▸ TRY IT
Repeat exactly the lines below that lie between the line with "Dartford were held" and the line with "Stylish cheerful boy", counting both of those lines as part of the answer.

▸ RECORDS SHOWN
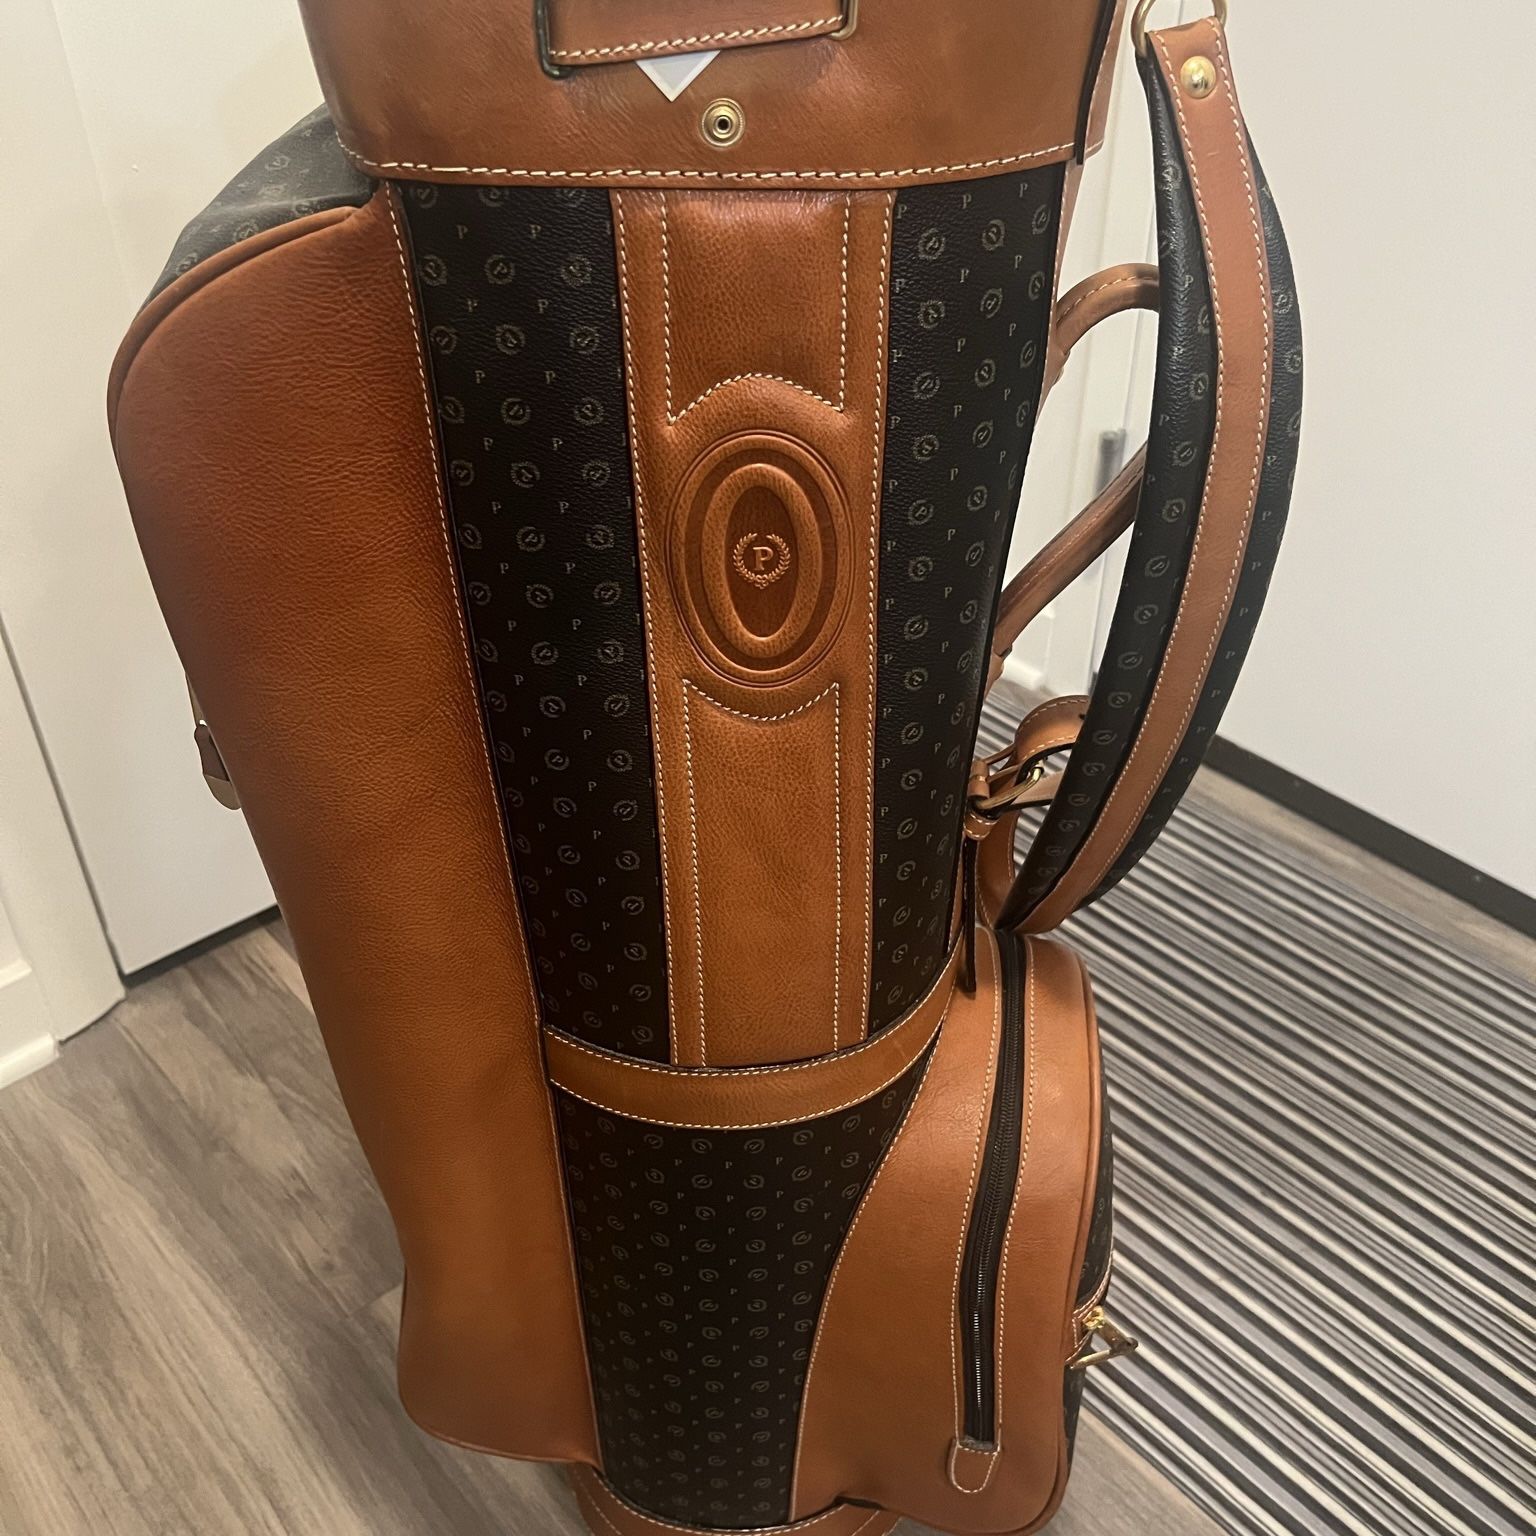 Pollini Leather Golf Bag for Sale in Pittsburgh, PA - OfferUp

---

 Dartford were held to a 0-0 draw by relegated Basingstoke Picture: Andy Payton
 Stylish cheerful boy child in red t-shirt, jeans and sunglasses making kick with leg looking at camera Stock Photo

▸ SOLVED PROBLEM
 Dartford were held to a 0-0 draw by relegated Basingstoke Picture: Andy Payton
 Stylish cheerful boy child in red t-shirt, jeans and sunglasses making kick with leg looking at camera Stock Photo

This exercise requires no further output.